I finished Between the sheets by Colette Caddle. A bit more heavy handed than I like my chick lit. It's about a writer who has her husband walk out on her and her subsequent struggle in finishing the book, dealing with the event, alcohol and her past. Not bad, I kept reading it and moderately enjoying it, but not great either. I could take it or leave it.

Now I've dived into the sixth volume of the highly addictive Black Dagger Brotherhood series by J.R. Ward, called Lover Enshrined. Looks like an excellent read again!

55CarolynSchroeder
Sep 19, 2014, 9:34 am

51 - I came to the same conclusion about The Luminaries, but at about page 300, so I gave it a real effort. I think the issue for me was all the characters felt very much the same and were all repugnant. A little of that is okay, but geez, give me someone likable! The only female character was just icky, weird (and not in a good way) and no matter how skillfully crafted or well written, I felt so aware that the characters were merely pawns in the plot. So it got to be a chore to pick up. When you don't really care why one guy is murdered, one person was poisoned and another disappeared ... well, time to move on.

I am now halfway into The Signature of All Things which I love and will finish. Big surprise as I did not care for Eat, Pray, Love.

I also finished Bringing Yoga to Life which was awesome.

56benitastrnad
Sep 19, 2014, 10:23 am

"It isn't easy living up to Dwarfish standards."
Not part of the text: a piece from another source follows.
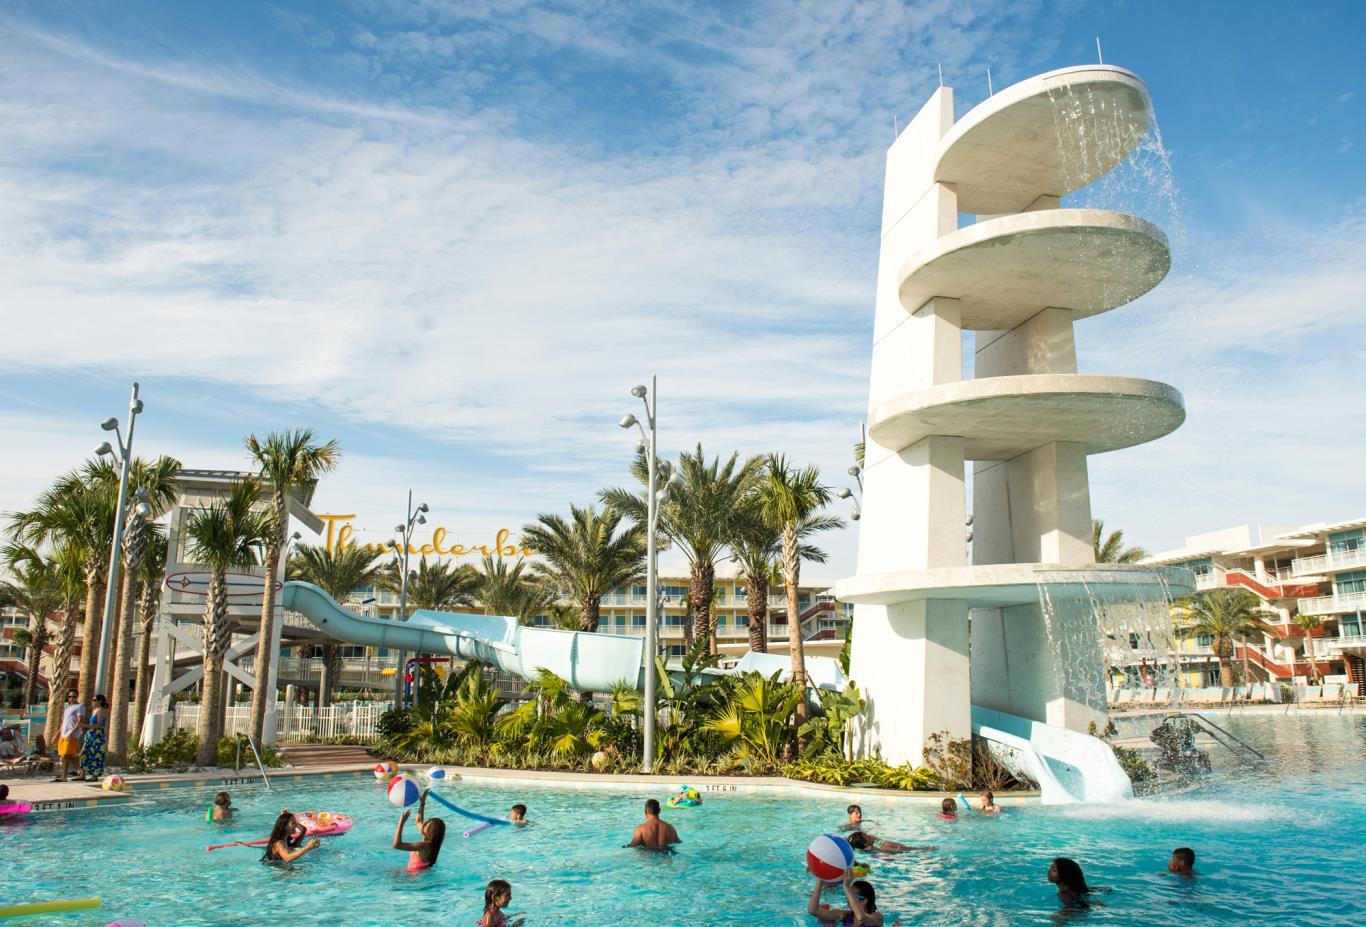 Cabana Courtyard Pool

I am having great fun listening to The Fire Chronicle by John Stephens. This is the second book in his children's series "The Books of Beginning." These books are simply delightful to listen to. (No surprise since the narrator is Jim Dale.) They are really good children's books, but they are also wonderful for adults to listen to as there are several levels of reading that can be done in them. For instance, the above quote. It is a line in a dialogue between an old wizard and a 12 year-old who is in love with Dwarves and all the attendant lore associated with them. A children is going to hear that line one way. I heard it another, and laughed long enough that I had to rewind the CD to listen to the parts I missed.

This series would make great read-alouds for parents and children.

57merriek
Edited: Sep 19, 2014, 3:22 pm

This message has been deleted by its author.

59framboise
Sep 19, 2014, 7:26 pm

#55 - Glad I am not the only one here who quit The Luminaries! I gave it a good effort, but like you said, why bother when you don't care about the characters? I feel like I wasted too much time on it.

I have also heard a lot of praise for The Signature of All Things, to my surprise, and am reluctant to pick it up. Let us know how it goes.

60PaperbackPirate
Sep 20, 2014, 2:13 pm

11 framboise
I finished it in a few days too. So good. Can't wait for the movie now and to read Gillian Flynn's other books.